The idea of Rome, owing to the antagonism between the policy of the Government and the sympathies of the class by which literature was favoured and cultivated, could no longer be an inspiring motive, as it had been in the literature of the republic and of the Augustan age. The spirit of Rome appears only as animating the protest of Lucan, the satire of Persius and Juvenal, the sombre picture which Tacitus paints of the annals of the empire. Oratory is no longer an independent voice appealing to sentiments of Roman dignity, but the weapon of the "delatores," wielded for their own advancement and the destruction of that class which even in their degeneracy, retained most sympathy with the national traditions. Roman history was no longer a record of national glory, stimulating the patriotism and flattering the pride of all Roman citizens, but a personal eulogy, or a personal invective, according as servility to a present or hatred of a recent ruler was the motive which animated it.

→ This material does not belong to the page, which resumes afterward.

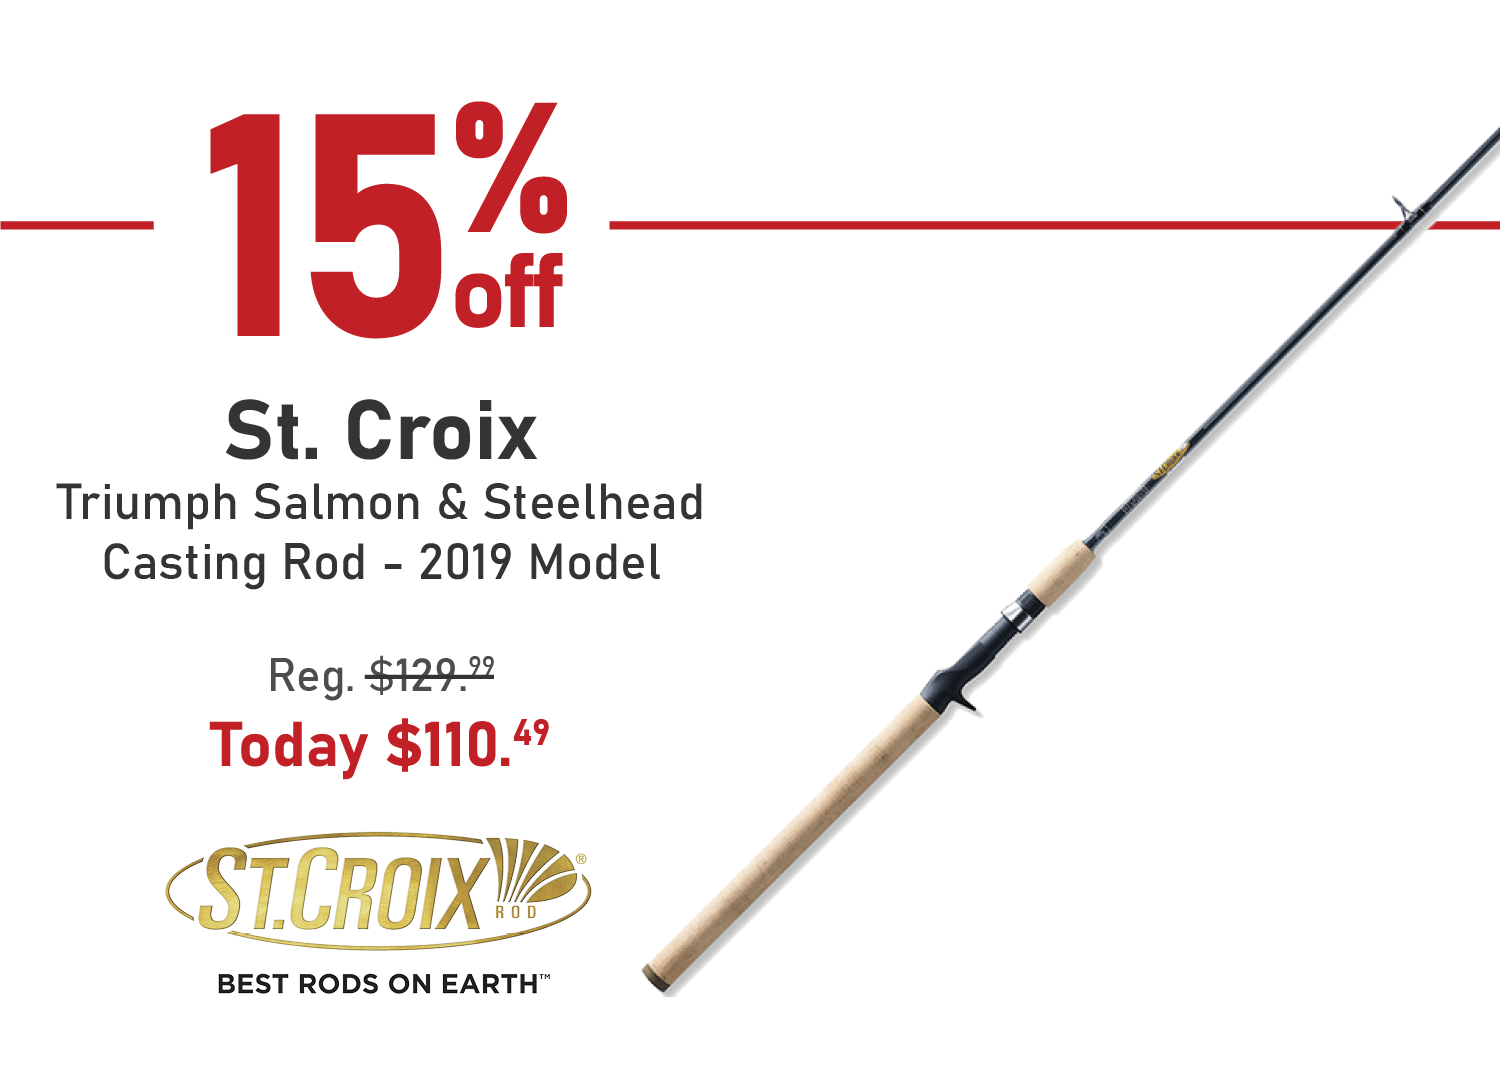 Save 15% on the St. Croix Triumph Salmon & Steelhead Casting Rod - 2019 Model

The charm of Italian scenes remained the same, but the fresh and inspiring feeling of nature as a great power in the world, a great restorative influence in human life, gave place to the mere sensuous derived from the luxurious and artificial beauty of the country villa. The idealizing poetry of passion, which found a genuine voice of in Catullus and the elegiac poets could not prolong itself through the exhausting licence of successive generations. The vigorous vitality which gives interest to the personality of Catallus, Propertius, and Ovid no longer characterizes their successors. The pathos of natural affection is occasionally recognized in Statius and more rarely in Martial, but it has not the depth of tenderness found in Lucretius and Virgil. Human life is altogether shallower, has the same capacity for neither joy nor sorrow. The wealth and luxury of succeeding generations, the monotonous routine of life, the separation of the educated class from the higher work of the world, have produced their enervating and paralysing effect on mainsprings of poetic and imaginative feeling.

New elements, however, appear in the literature of this period. AS the result of the severance from the active interests of life, a new interest is awakened in the inner life of the individual. The extreme immorality of the age not only affords abundant material to the satirist but deepens the consciousness of moral evil in purer and more thoughtful minds. To these causes we attribute the pathological observation of Seneca and Tacitus, the new sense of purity in Persius called out by contrast with the impurity around him, the glowing if somewhat sensational exaggeration of Juvenal, the vivid characterization of Martial. The literature of no time presents so powerfully the contrast between moral good and evil. In this respect it is truly representative of the life of the age. Another new element is the influence of a new race. In the two preceding periods the rapid diffusion of literary culture following the Social War and the first Civil War was seen to awaken into new life the elements of original genius in Italy and Cisalpine. In the first century of the empire a similar result was produced by the diffusion of that culture in the Latinized districts of Spain. The fervid temperament of a fresh and vigorous race, which received the Latin discipline just as Latium had two or three centuries previously received the Greek discipline, revealed itself in the writings of the Senecas, Lucan, Quintilian, Martial, and others, who in their own time added literary distinction to the Spanish towns from which they came. This new cosmopolitan element introduced into human literature draws into greater prominence the characteristics of the last great representatives of the genuine Roman and the Italian spirit,--Tacitus and Juvenal.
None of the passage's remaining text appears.